2. Run the installer package.
.jpg)
Figure 1. Welcome
page of the Setup utility.
3. Add the source and destination to the Toolbox:
a. Open Business Intelligence Development Studio or Visual
Studio.
b. Create a new Integration Services project, or open an
existing one.
.jpg)
Figure 2.
Creating a new Integration Services project.
c. On the Tools
menu, select Choose Toolbox Items.
.jpg)
Figure 3. The Choose Toolbox Items option on the Tools menu.
d. On the SSIS Data
Flow Items tab of the Choose Toolbox
Items dialog box, select the SharePoint
List Source and the SharePoint List
Destination by checking the boxes. Then click OK.
.jpg)
Figure 4. The SSIS Data Flow Items tab of the Choose Toolbox Items dialog box
e. If you find that the source and destination have been
added to the General list in the
toolbox, drag the source to the Data
Flow Sources list, and drag the destination to the Data Flow Destinations list.
.jpg)
Figure 5. Moving
the source and destination to the appropriate categories in the Toolbox.
4. Prepare your SharePoint list for testing.
.jpg)
Figure 6. A
sample SharePoint list.
Extracting Data from SharePoint by Using the SharePoint List Source
Here is the visual representation of the SharePoint List
source after you add it to the data flow of an Integration Services package.
.jpg)
Figure 7. The
SharePoint List source in the data flow.
Setting the Properties of the SharePoint List Source
You can configure the following custom properties of the
SharePoint List source in the Advanced
Editor.
.jpg)
Figure 8. The
custom properties of the SharePoint List source displayed in the Advanced Editor.
BatchSize
The SharePoint List source retrieves items from SharePoint
in batches. Try 1,000 items at a time as a starting point – this should work
well with a typical 15-column SharePoint list. You can vary this number based
on the number of columns that you want to retrieve and the width of the
columns.
If you only request a few small columns, then you can
increase this number for better performance. If you request a lot of columns,
or wide columns, then you may need to reduce the batch size.

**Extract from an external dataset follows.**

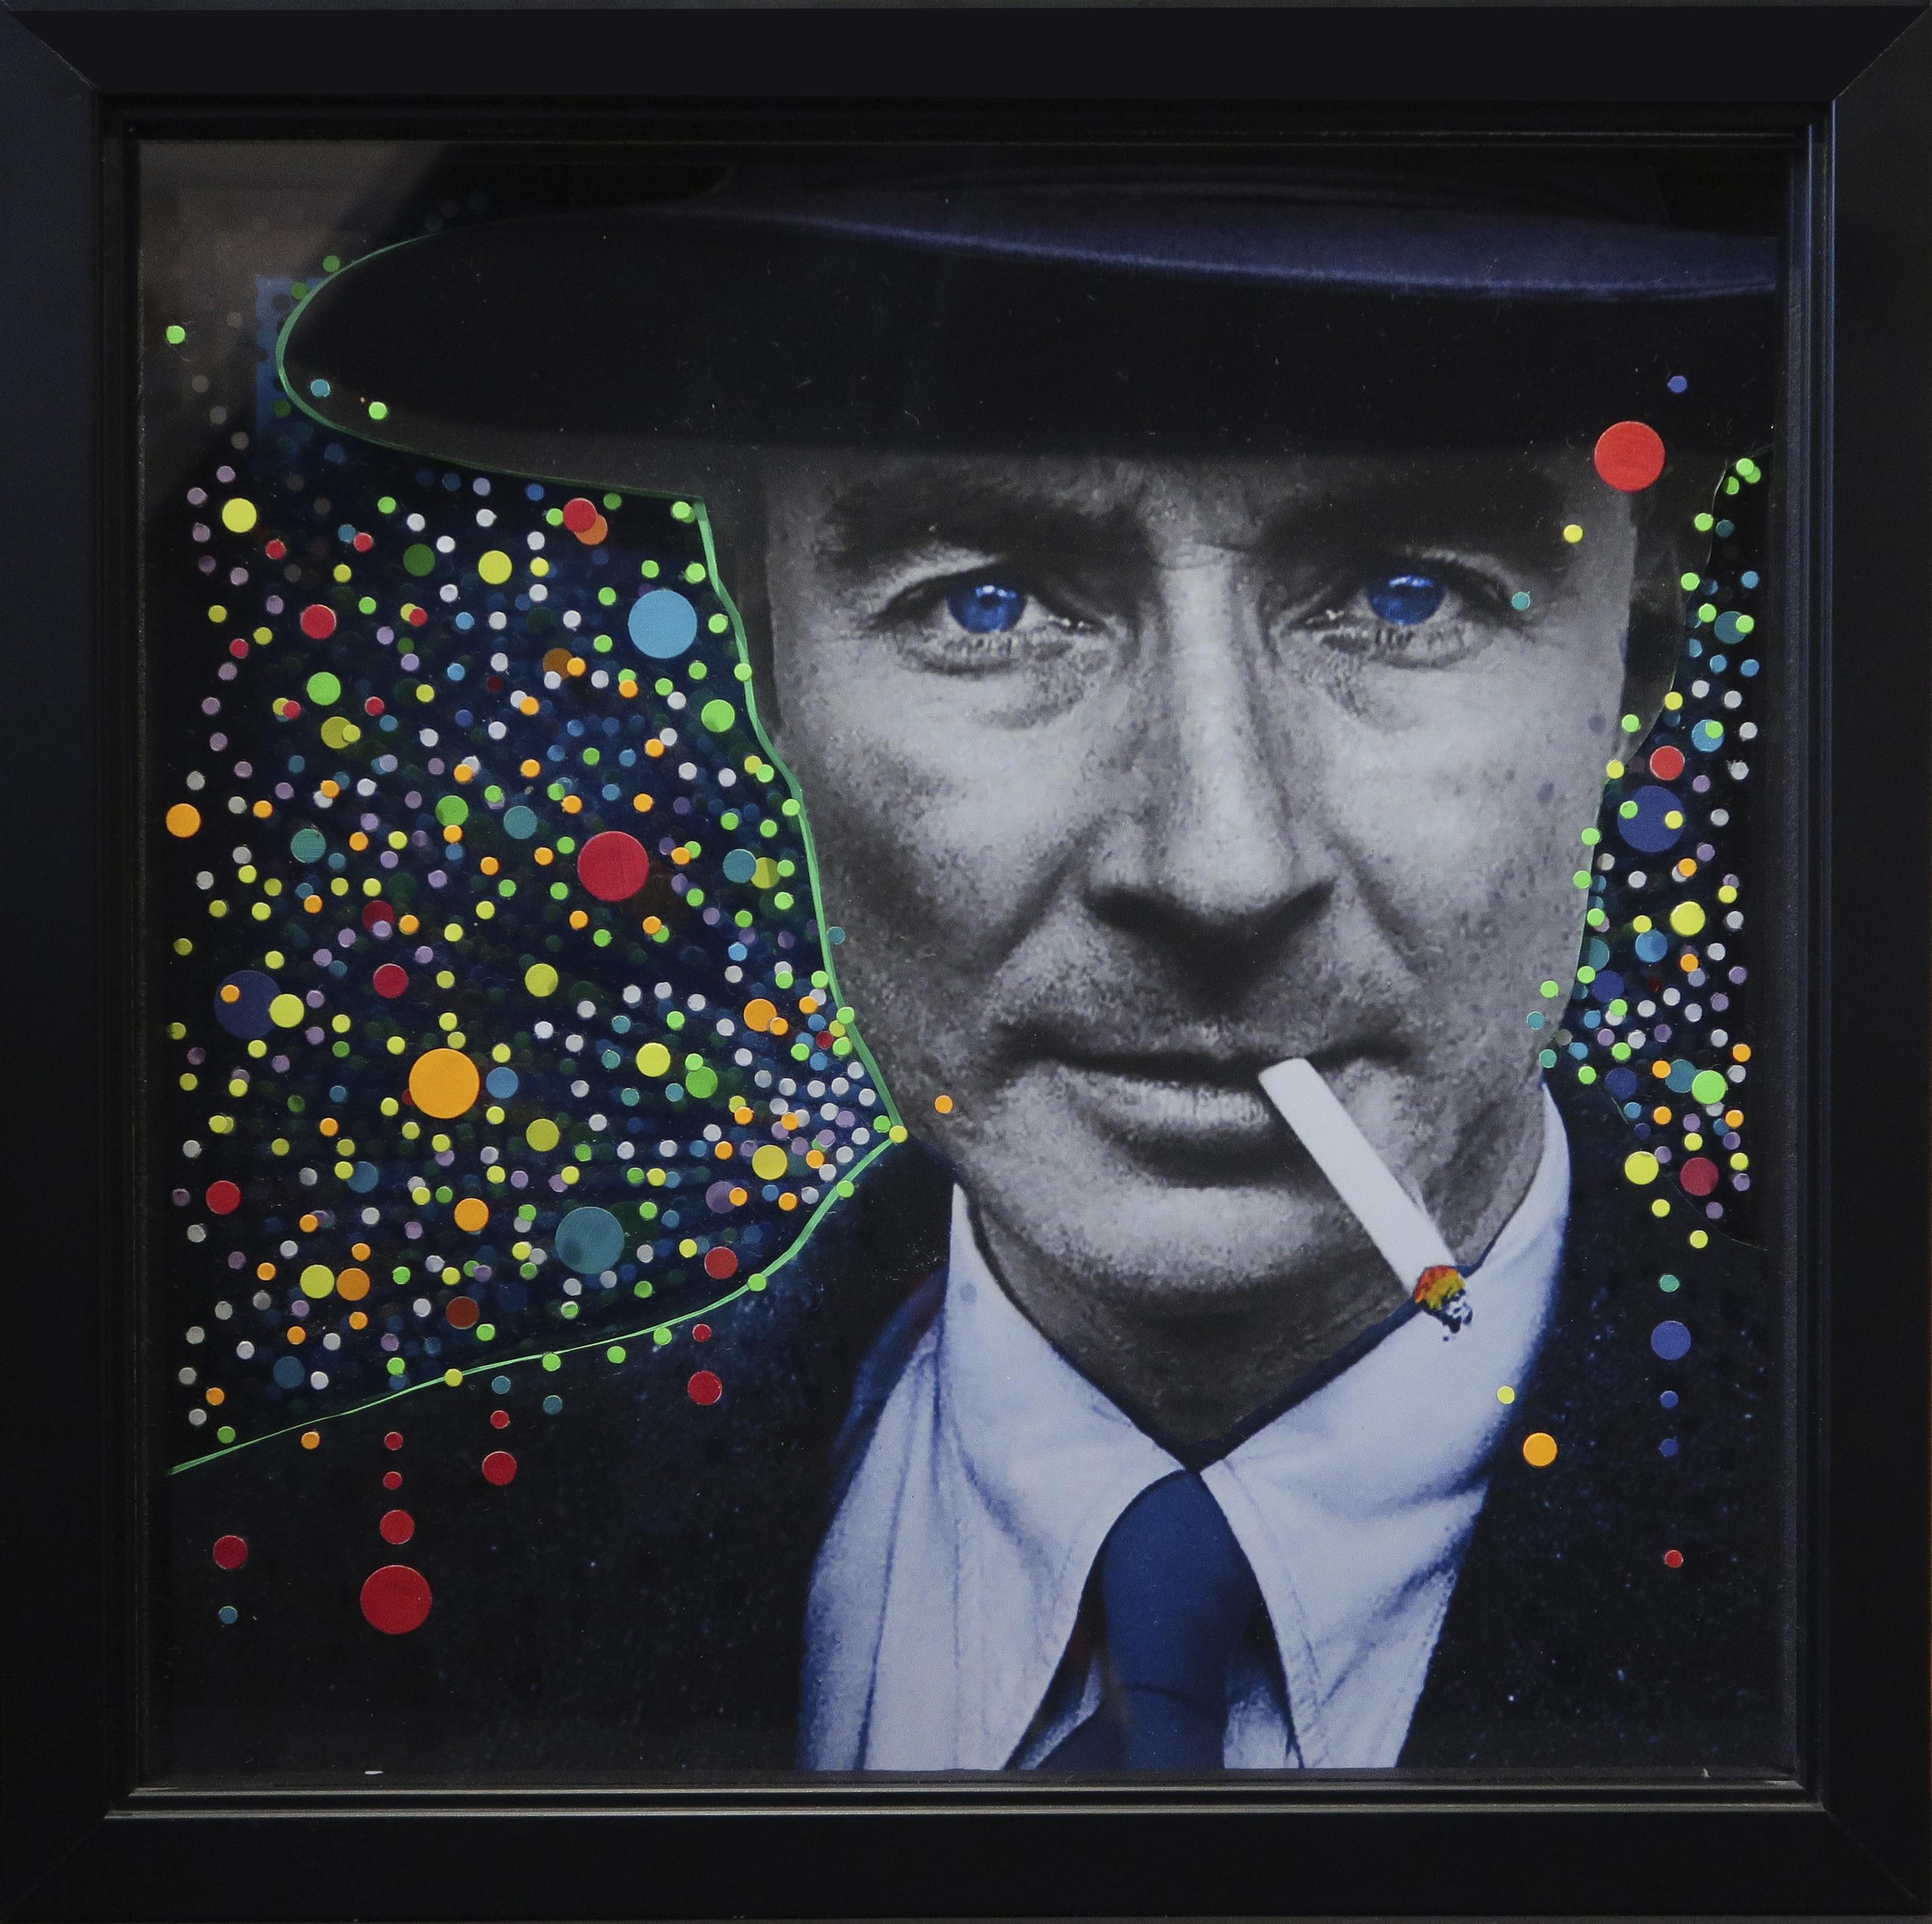 J.Robt.Oppenheimer – Smoker

Determining the best batch size may require some trial and
error. Keep in mind that SharePoint builds and sends its response in XML
format. If the XML response is too large, an exception with an uninformative
message will be raised.
If you have problems with the batch size, set the batch size
to match the paging size used for the SharePoint list view before you try a
larger number. If your results include text fields of widely varying lengths,
decide whether it’s necessary to include those columns.
CamlQuery
You can use a CAML query to filter the data returned by the
server. You can create a dynamic CAML query by using an Integration Services
expression to set this property.
IncludeFolders
By default, folders that are found in a list are not
returned. However, you can change this setting.
IsRecursive
By default, only the list items at the top level are
returned. If the list contains folders that contain other items, you can change
this setting to load both the items in the top-level folder, and the items in
all child folders.
SiteListName
The name of the SharePoint list, as seen on the SharePoint list
page.
SiteListViewName
The name of the SharePoint list view from which you want to
retrieve data. You can use a list view to pre-filter rows and eliminate the
need to add dynamic CAML queries to your package.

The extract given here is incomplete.